I've never forgotten the response given to me by a maintenance worker in a New York City apartment building. When asked what union he belonged to, he said “32BJ”. And that was all he knew. He didn't know the name of the national union (the SEIU), nor the national trade union center that union was affiliated to (Change to Win).

The ETUC is a federation of national trade union centers, each one of which (like the AFL-CIO or Change to Win) is in turn a federation of national unions.

The ETUC doesn't really have 60,000,000 members – it has 81 members. Whether those members are able to mobilize their affiliates, and whether those affiliates are able to reach down to the workplaces and mobilize actual workers is debatable.

If it sounds like I'm trashing the ETUC, I'm not. It's a commendable effort and it's great to see the huge investment in multilingual campaigning. And getting nearly 60,000 people to sign up to an online trade union campaign is no mean thing. LabourStart, which has been at this for several years now, has never done a campaign that got more than 8,000 signatories.

I hope that the ETUC is collecting those 60,000 email addresses. If they are, the next time they campaign, they'll be able to write directly to 60,000 activists rather than only to 81 union officials, and the next campaign will be bigger than this.

If that's the case, the ETUC campaign may fail to get the million signatures it was hoping for, but could be the beginning of something much more important: the online mobilization of trade unionists in dozens of countries in support of a common cause.

The petition is available online here:

http://www.petitionpublicservice.eu/

March 07, 2007

Customized home pages

From the very earliest days of the web, browsers had something called a 'home page'. This was the default web page that would come up when you'd launch your browser and connect to the net.
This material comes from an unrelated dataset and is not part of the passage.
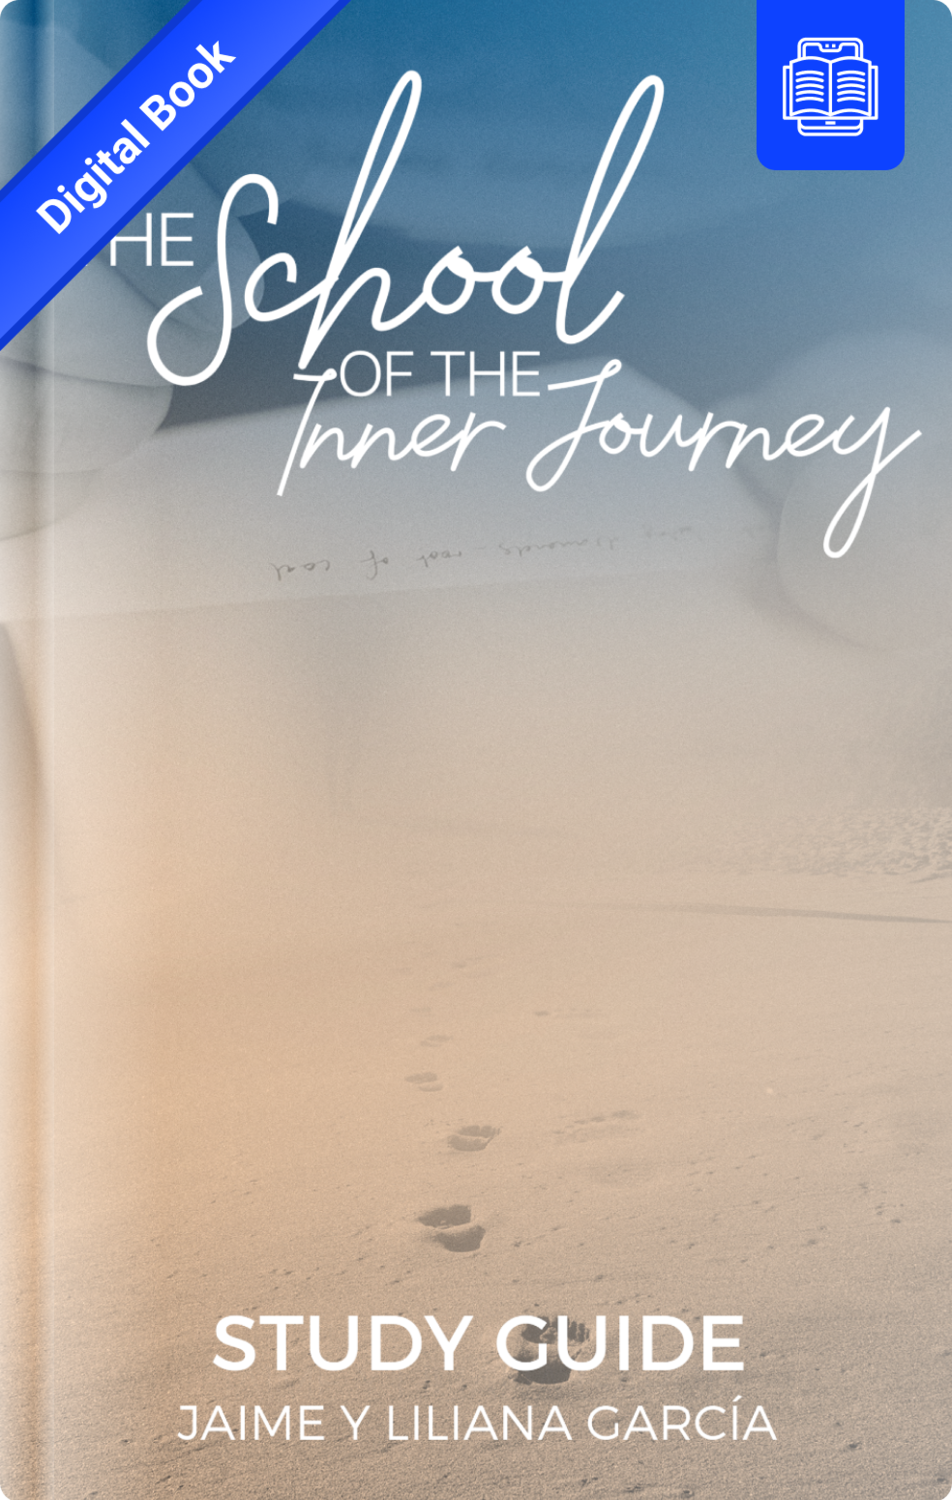 School Of The Inner Journey - Study Guide - Digital

Most people never change their home pages; they use whatever they were given. This could be the home page of their employer, or their Internet Service Provider, or even the home page of the browser itself.

In many unions, staff were given computers with the union's website installed as the browser home page (even if that website rarely changed). And my guess is that most union staff would barely glance at the home page and quickly move on, using their bookmarks and Google to get around the web to more useful sites.

And yet the idea of a home page remains a potent one.

I have a home page, which I customised, and which now includes about a dozen small boxes. One is today's weather for London. Another box includes top news stories from the BBC. There's a box with my most frequently called phone numbers, a short to-do list, a large clock, and a calculator. And there's the latest news from the trade union movement, from LabourStart (of course).

To create such a customised home page, one which includes the things I want to see when I look at my computer in the morning, I used a tool called Netvibes (http://www.netvibes.com).

Netvibes had five million users by last summer and is still growing. It was hailed last week by The Economist as being one of the very few examples of a major new web innovation coming from France.

And it's not alone – competitors for individually-crafted personal home pages include Google's homepage (http://www.google.com/ig), Microsoft's Windows Live (http://www.live.com/), PageFlakes (http://www.pageflakes.com/),Webwag (http://www.webwag.com) and the very attractive Yourminis (http://www.yourminis.com/).

Unions can make use of these services in two ways. First they can encourage staff and activists to move away from the default home pages they already have on their computers and instead to use these flexible, powerful pages. And they can also ensure that union news is available in RSS feeds which are easily integrated into the pages.

Second, many of these new services allow unions to publish those news feeds in ways to make them more easily available to others. Netvibes, for example, allows you to publish a newsfeed to its 'ecosystem'. This is a great way to share union news among others.

Customised home pages are not new. Back in the 1990s, search engines like Yahoo pioneered personalized home pages. But new technologies known collectively as Web 2.0 have made it easier than ever before to create a home page that really does give you -- in an instant -- the information you need to start your day on the web.